Write the listing out again word for word, leaving each picture behind.
(Beginning of STORED DATA)
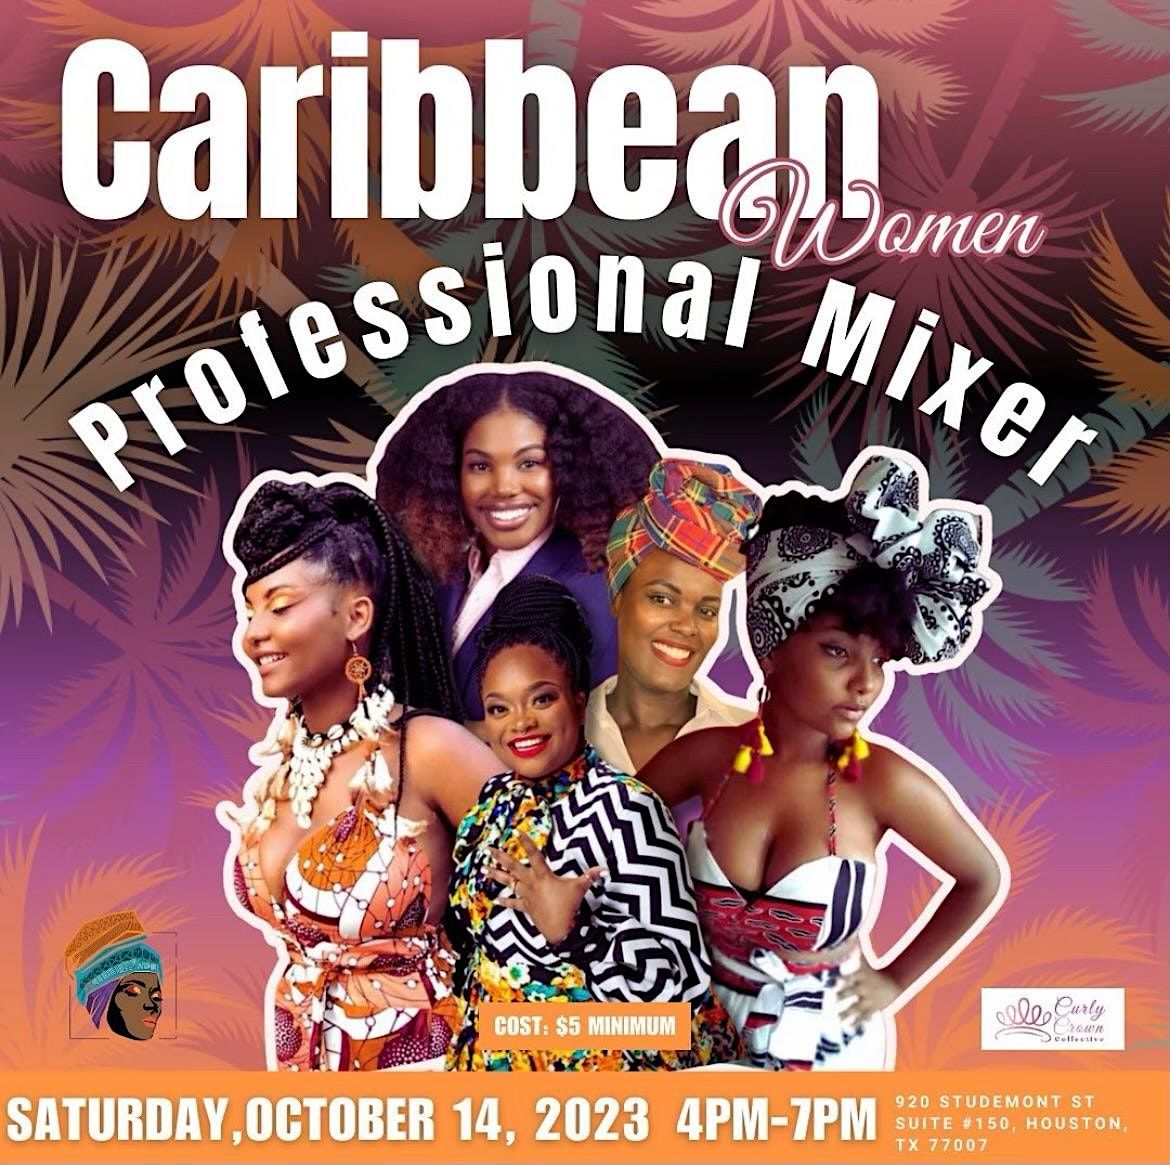 Caribbean Women Professional Mixer
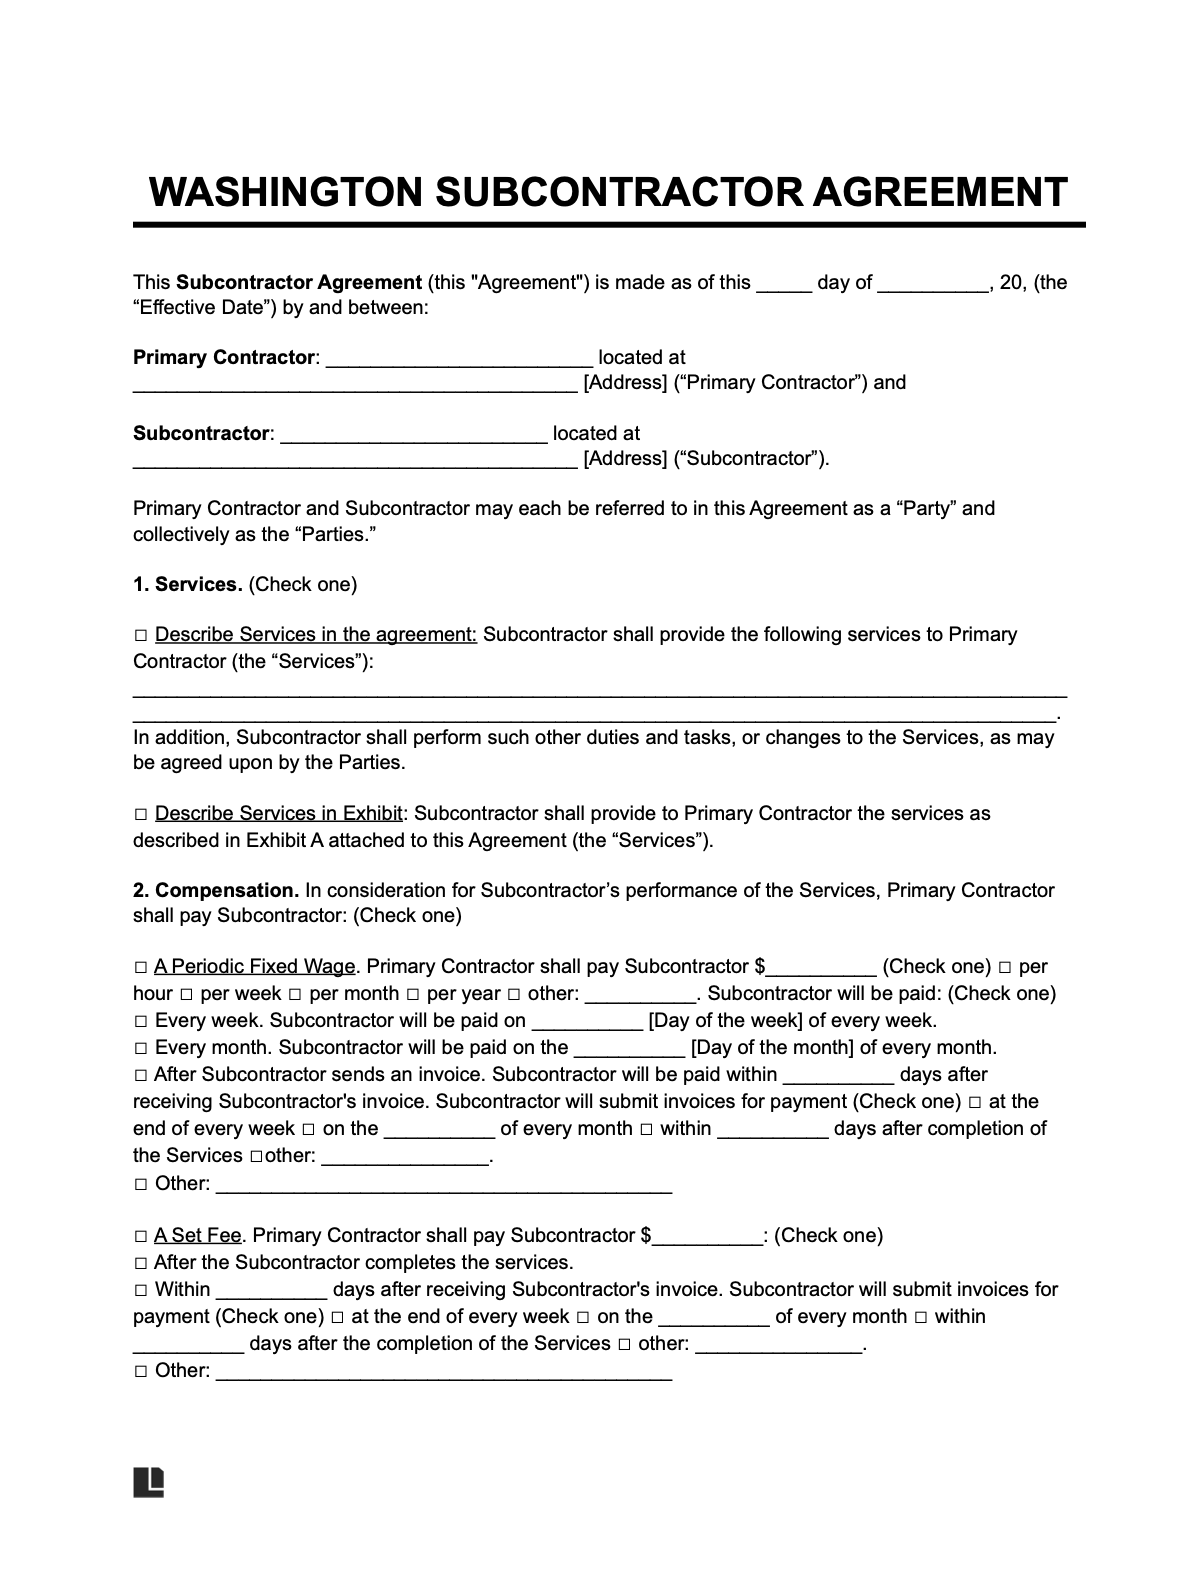 washington subcontractor agreement template
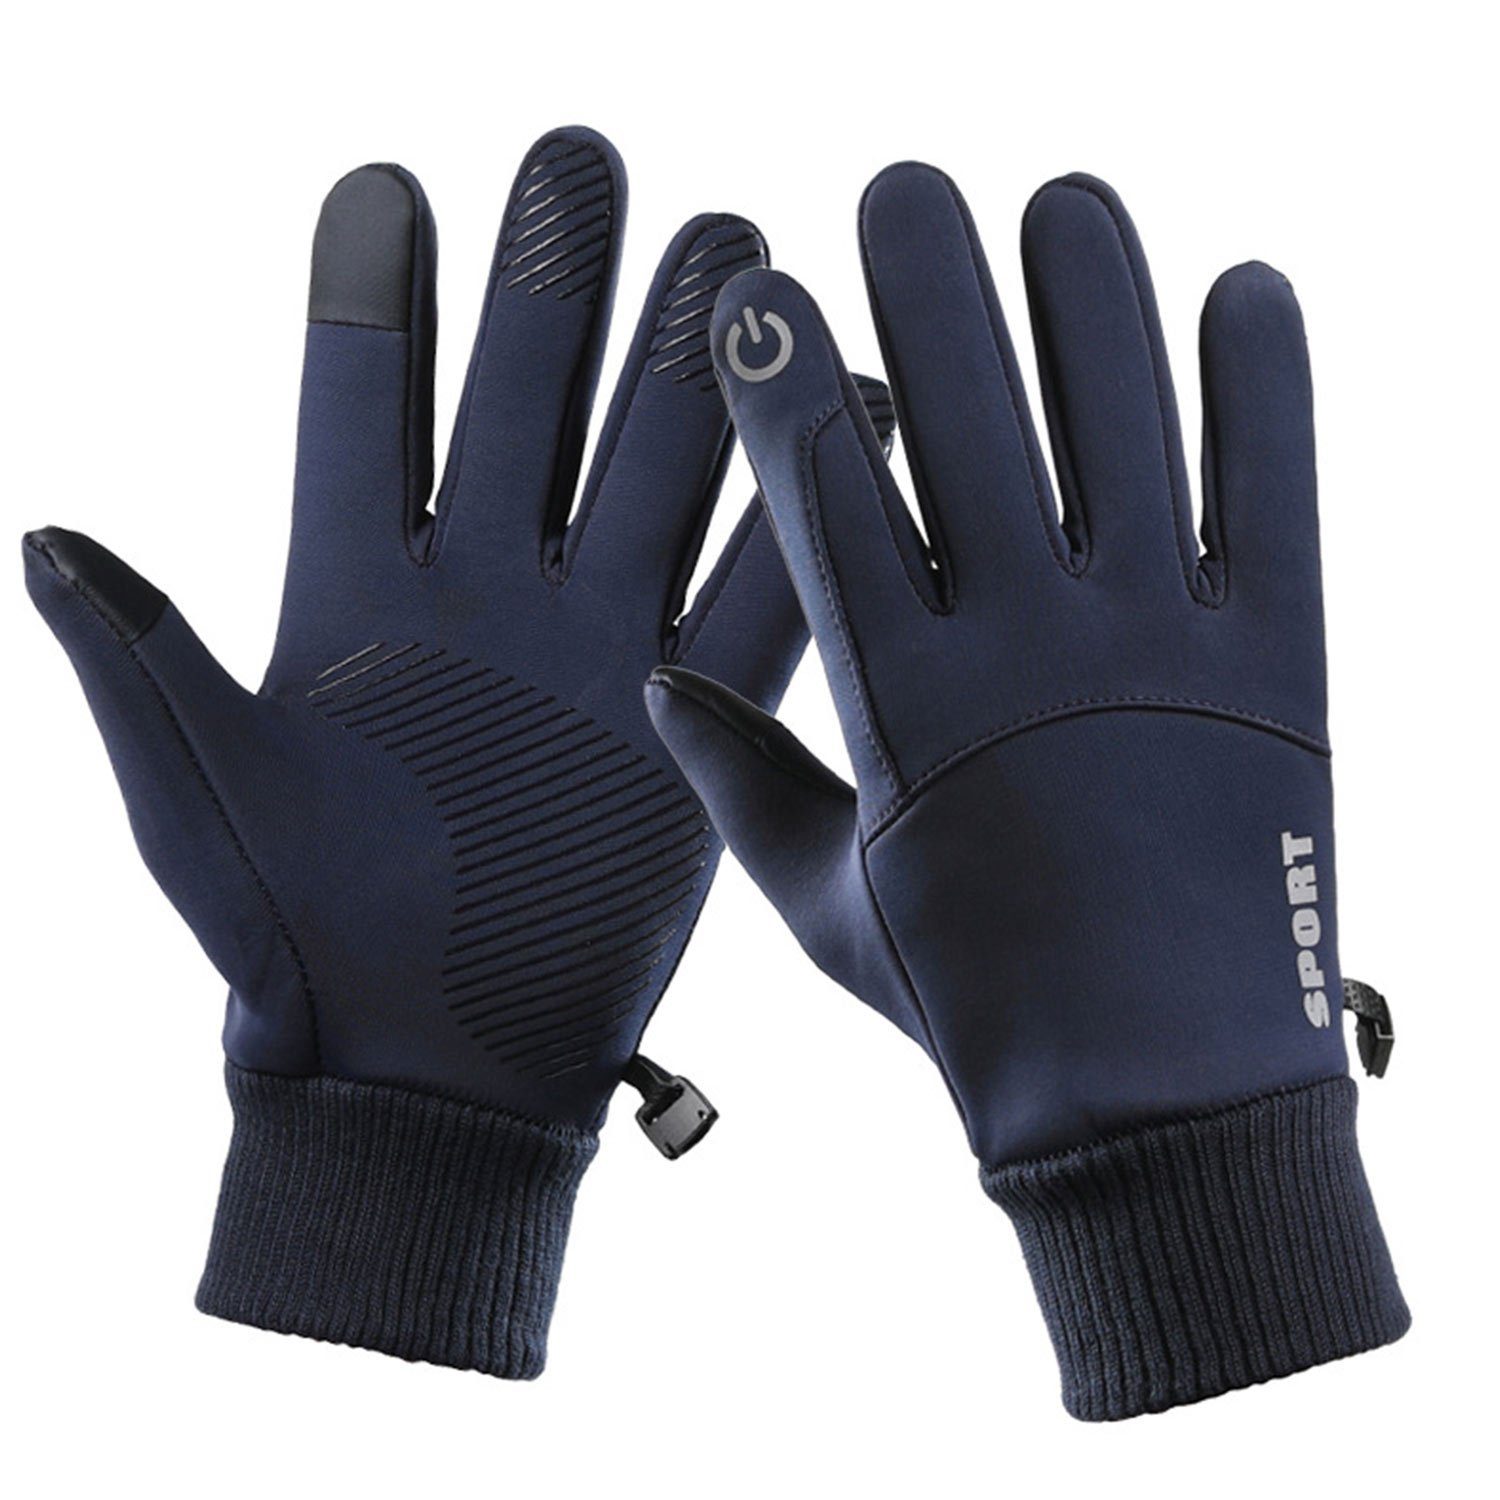 MAGICSHE Fahrradhandschuhe Unisex Touchscreen Handschuhe warme Handschuhe Geeignet zum Radfahren, Skifahren, Arbeiten im Freien blau
(End of STORED DATA)
_RESULT OF THIS TASK_.
 Caribbean Women Professional Mixer
 washington subcontractor agreement template
 MAGICSHE Fahrradhandschuhe Unisex Touchscreen Handschuhe warme Handschuhe Geeignet zum Radfahren, Skifahren, Arbeiten im Freien blau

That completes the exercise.